Triggerfish is a computer animation film studio based in Cape Town, South Africa, Bristol, UK and Galway, Ireland. The company consists of a premium global service division, and an Originals division—which holds a mission of making a difference through the production of African-based animation that is grounded in self-awareness and African identity.

The studio is best known for its animated feature films Adventures in Zambezia (2012), Khumba (2013), and Seal Team (2021), as well as the work they have done on television specials created for UK producers Magic Light Pictures.

==History==
Triggerfish was established in 1996 by Jacquie Trowell and Emma Kaye in Cape Town, South Africa. As a stop-motion animation studio, it produced multiple commercials for South African ad agencies. From 1998 through 2008, Triggerfish produced animation for Sesame Workshop for the South African version of Sesame Street, Takalani Sesame, as well as the US domestic and international versions of the pre-school kids' program.

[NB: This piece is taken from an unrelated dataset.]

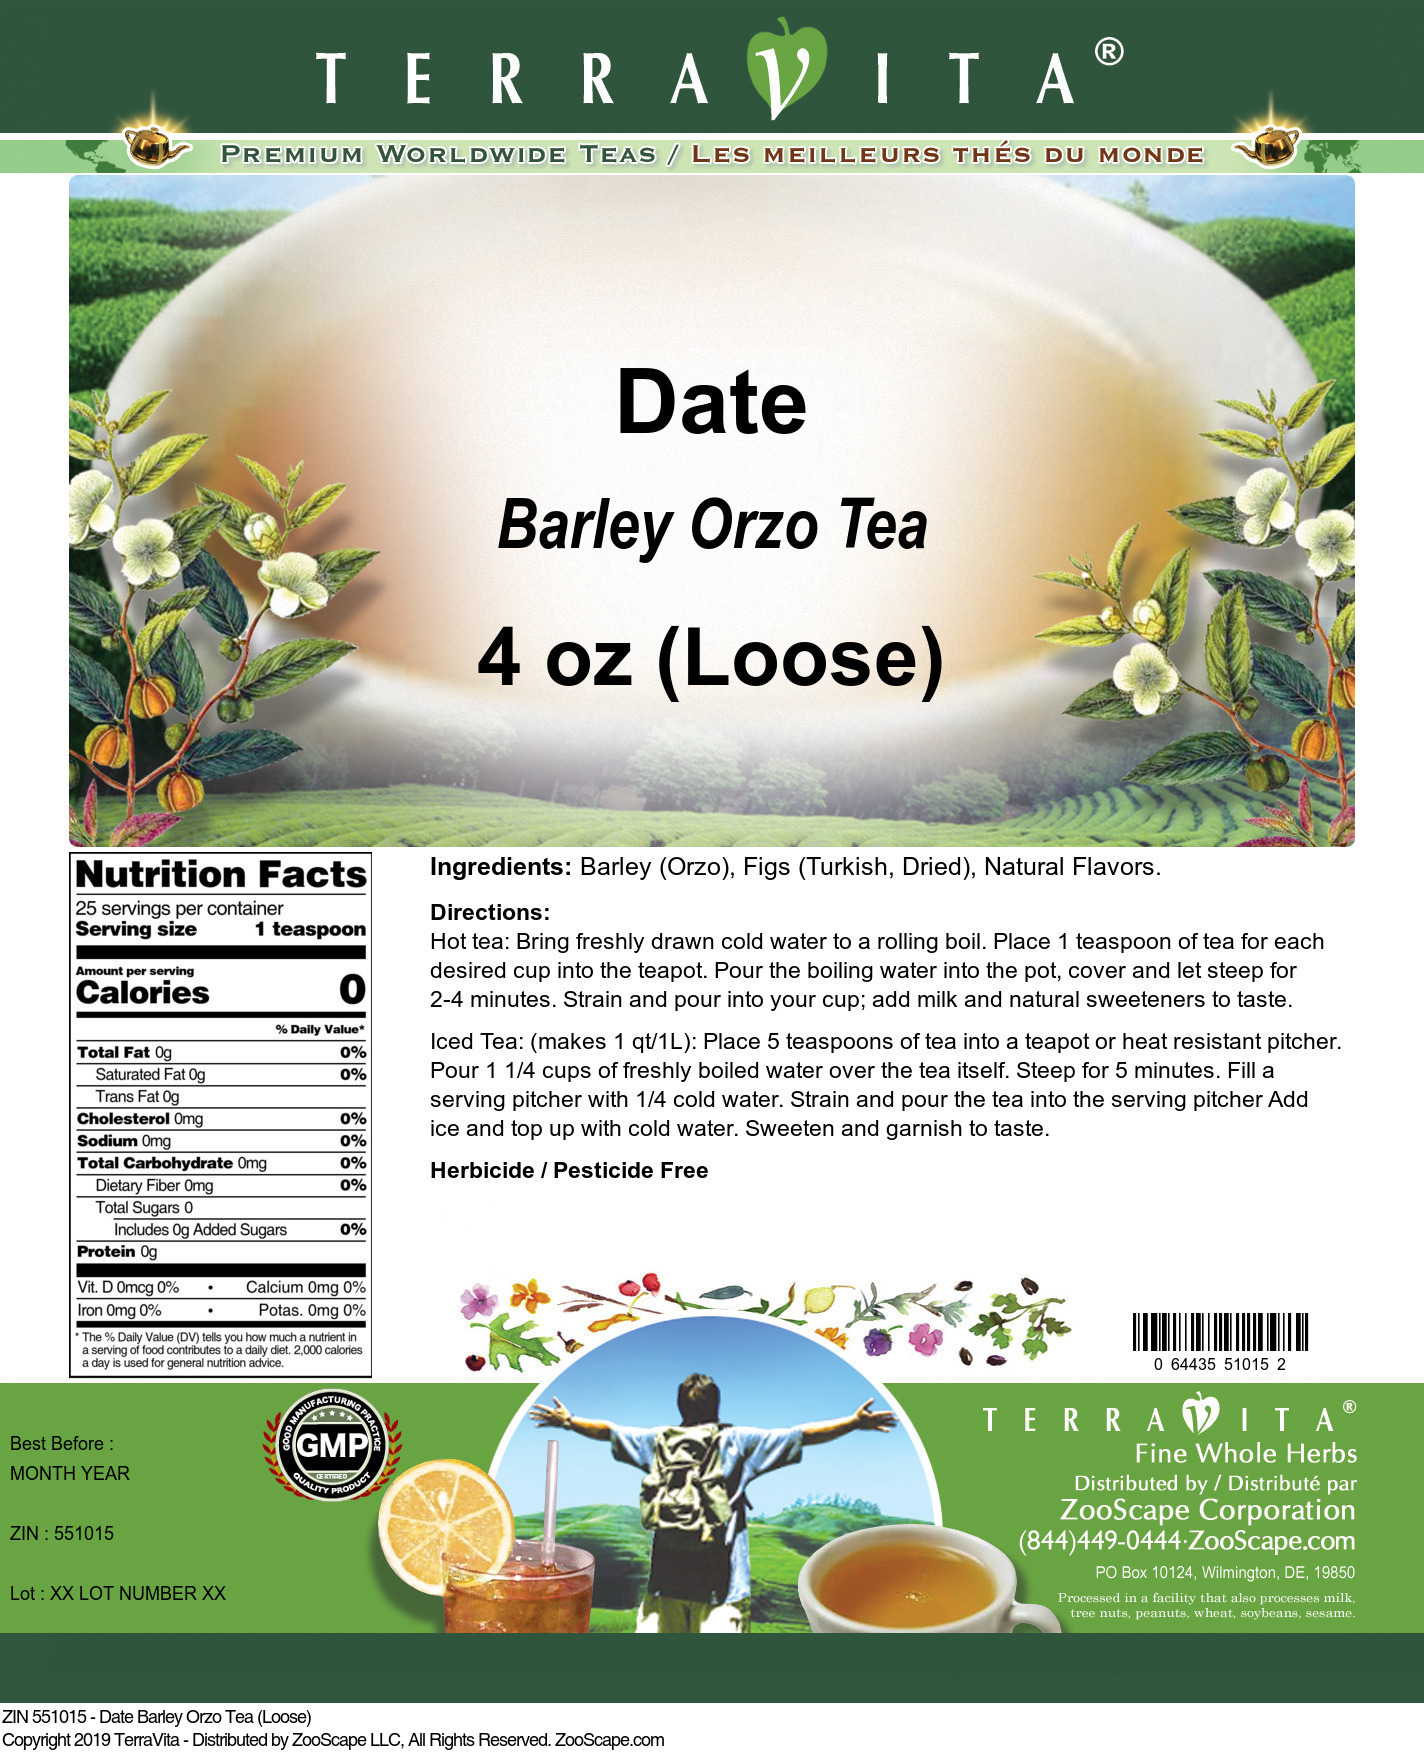 Date Barley Orzo
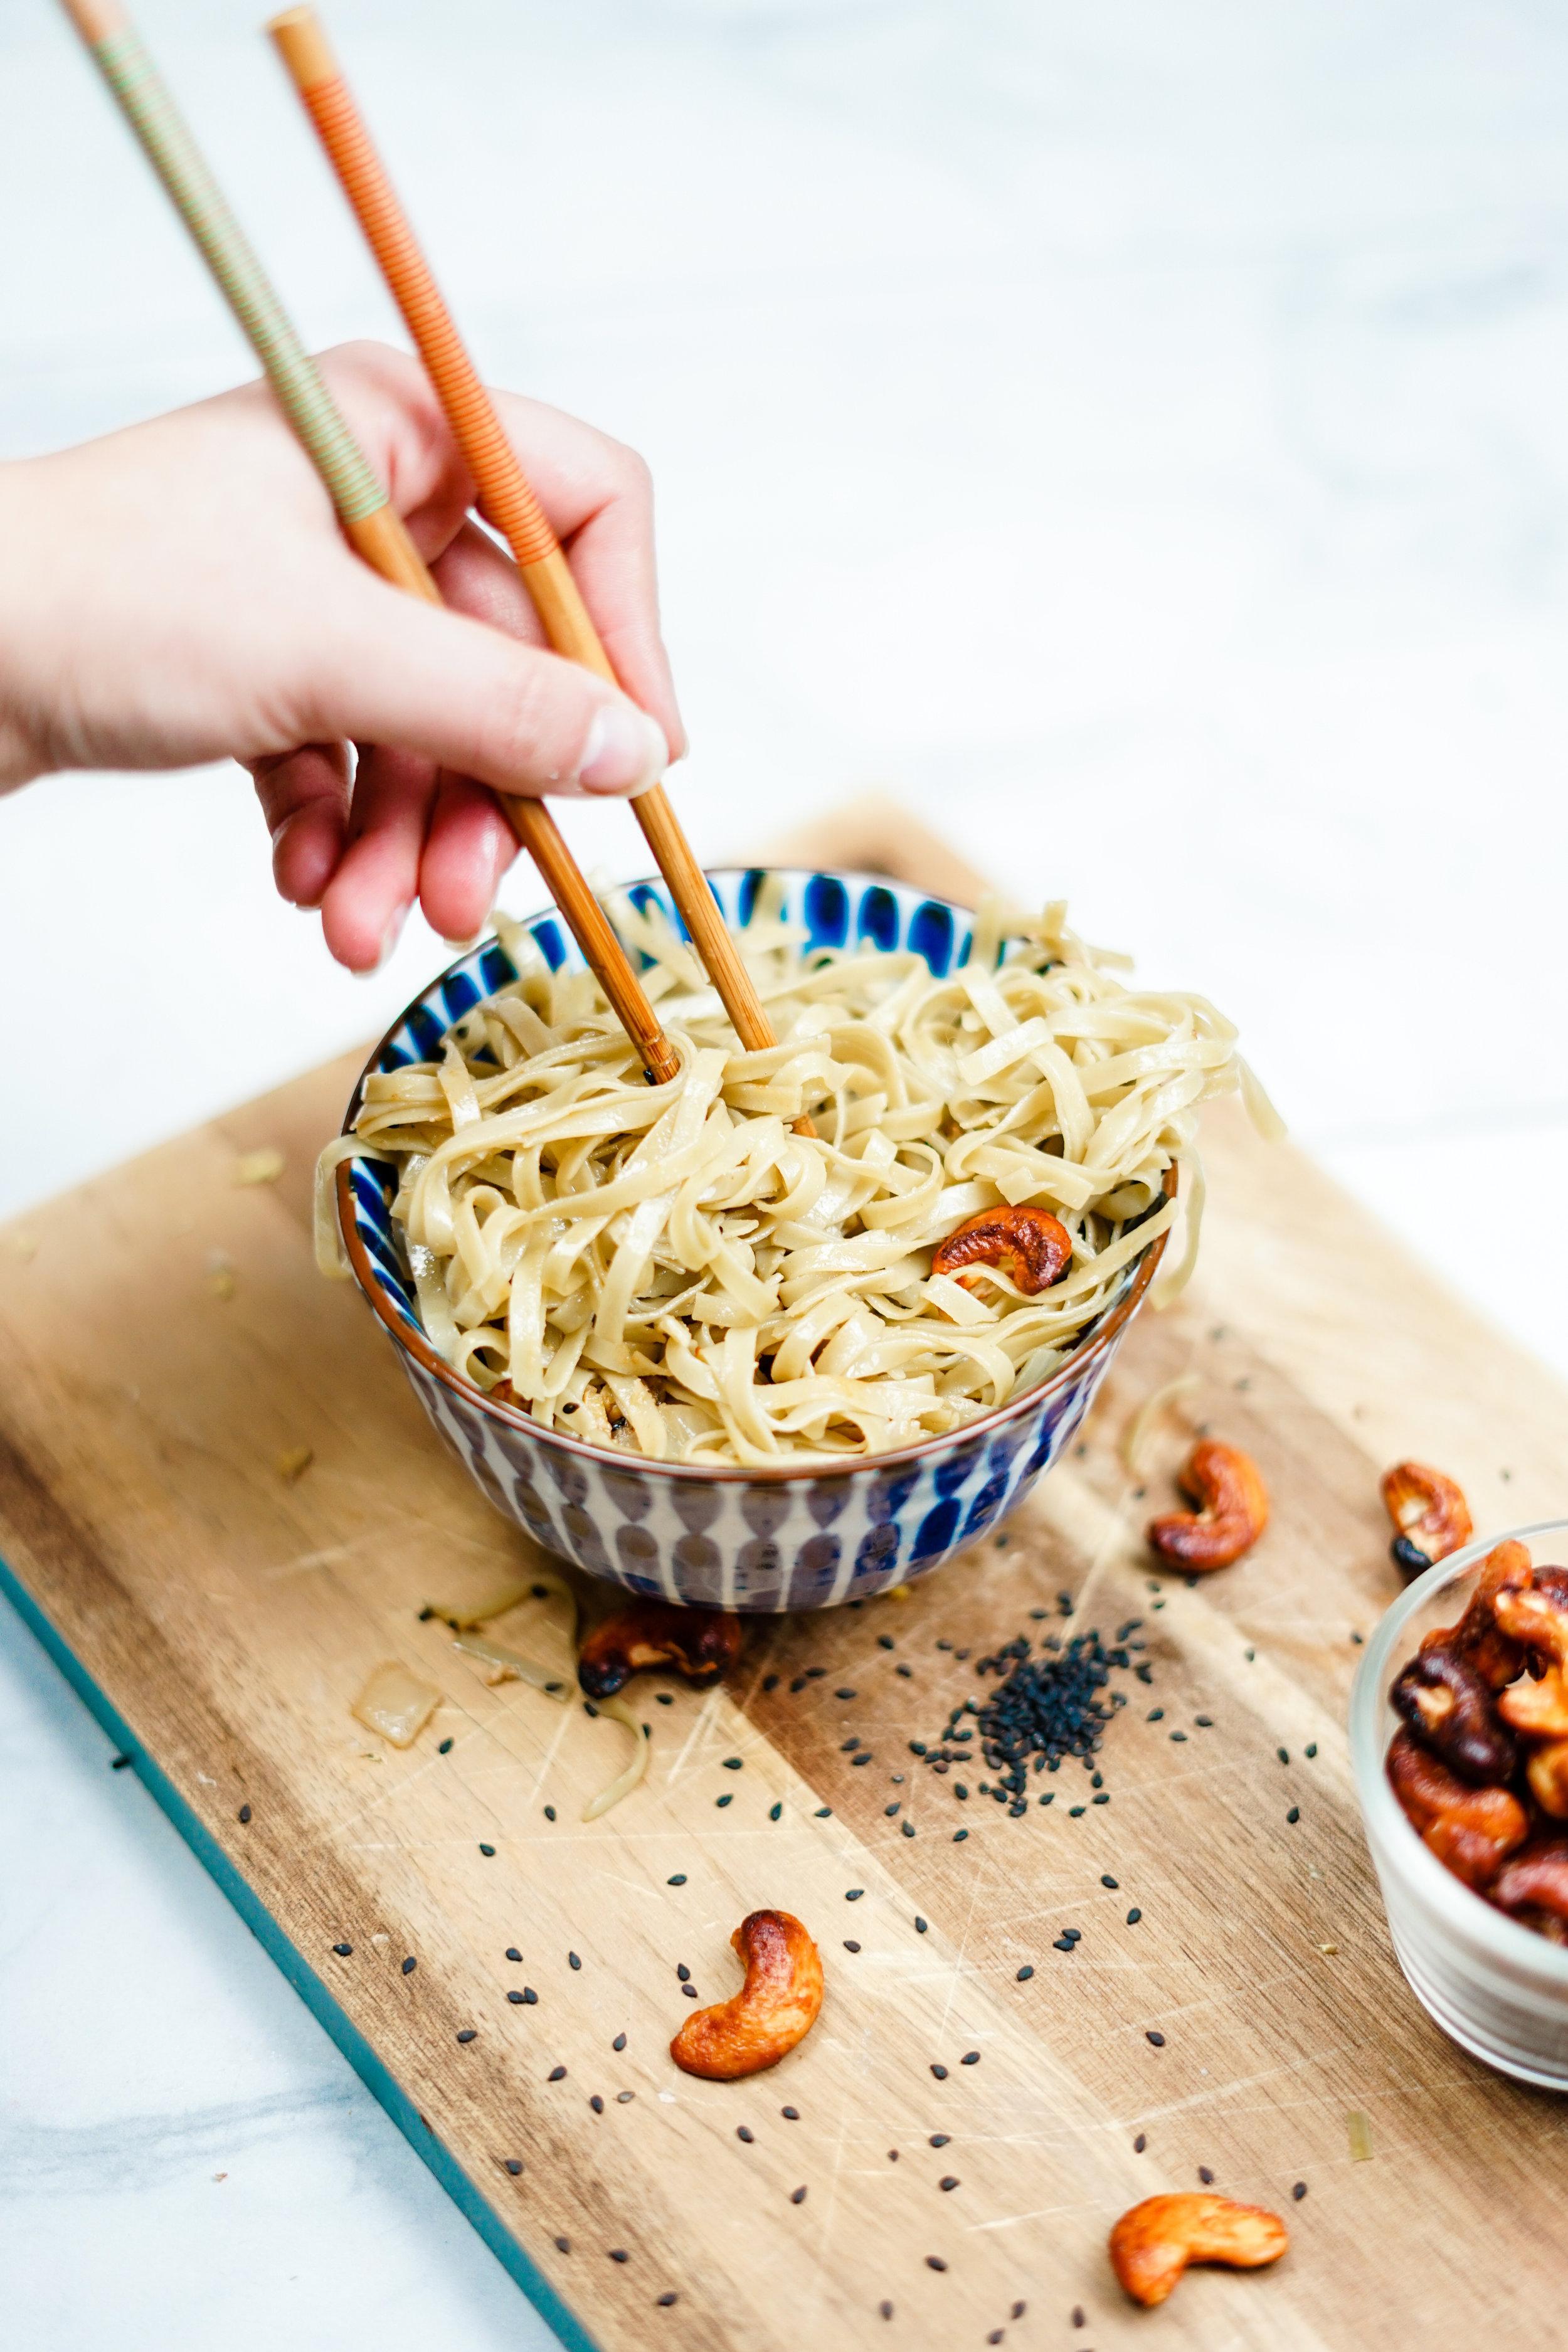 i am rorie, i am rorie vegan food, chicago vegan food blogger, green tea noodles, cooking with tea, tea infused foods, green tea garlic ginger noodles, easy garlic noodle recipe, garlic and ginger flavors, easy noodle recipe, easy vegan noodle recipe, sesame oil, the best garlic noodles ever, how to make garlic noodles, green tea infused rice noodles, how to make garlic noodles, easy vegan comfort food, the best vegan comfort food, i am rorie comfort food, sriracha roasted cashews, sesame seeds, whole foods, i am rorie food

Stuart Forrest joined as a junior animator in 2002 to work on Takalani Sesame for seasons two and three. In 2004, Forrest and James Middleton became partners in Triggerfish and in 2005 became the sole partners when the original founders left the company. In 2007, Anthony Silverston joined as creative director, and Mike Buckland joined as head of production. At the same time, the company moved away from stop-frame animation and relaunched as a computer animation studio. This was also the beginning of there CG commissions for American Production companies.

In 2015, at the Premier's Entrepreneurship Recognition Awards (PERA), Triggerfish was named Business of the Year by the Western Cape Government.

In 2021, Triggerfish received the Mifa Animation Industry Award at Annecy for "the pioneering role that the company has played in animation in South Africa, and Africa most widely.”

===Short films===
In 2008, Triggerfish created a 30-minute short entitled The Rise and Fall of Tony the Frog. The short was produced by Ambient Animation in Cape Town for Isaac Entertainment.

In 2018, Triggerfish released an original 4-minute short entitled Belly Flop, co-directed by Jeremy Collins and writer Kelly Dillon. This was one of four shorts screened during the closing ceremony at Annecy 2018. A second original short film,Troll Girl premiered at the Cape Town International Animation Festival in 2021.

Triggerfish was one of nine studios selected around the world to produce a short for Volume 2 of the Star Wars Visions anthology. The short, entitled "Aau's Song", was released on 4 May 2023.

===Feature films===
From 2006, the team began to shift focus to motion pictures by writing their first script Adventures in Zambezia, with US-based rights company Wonderful Works. The script went into production in 2009 and was released in 2012. In 2010, the studio started production on Khumba which started its worldwide release in Q3 2013. Triggerfish's third feature, called Seal Team., premiered on Netflix on 31 December 2021. In 2022, Seal Team made the Netflix Top 10 Films global list for its launch week.

===Television animated series===
On April 16, 2019, it was announced that Netflix had given a series order for the animated superhero series Mama K's Team 4. The series is expected to be produced by the studio in collaboration with CAKE. Malenga Mulendema will be credited as an executive producer and writer of the series.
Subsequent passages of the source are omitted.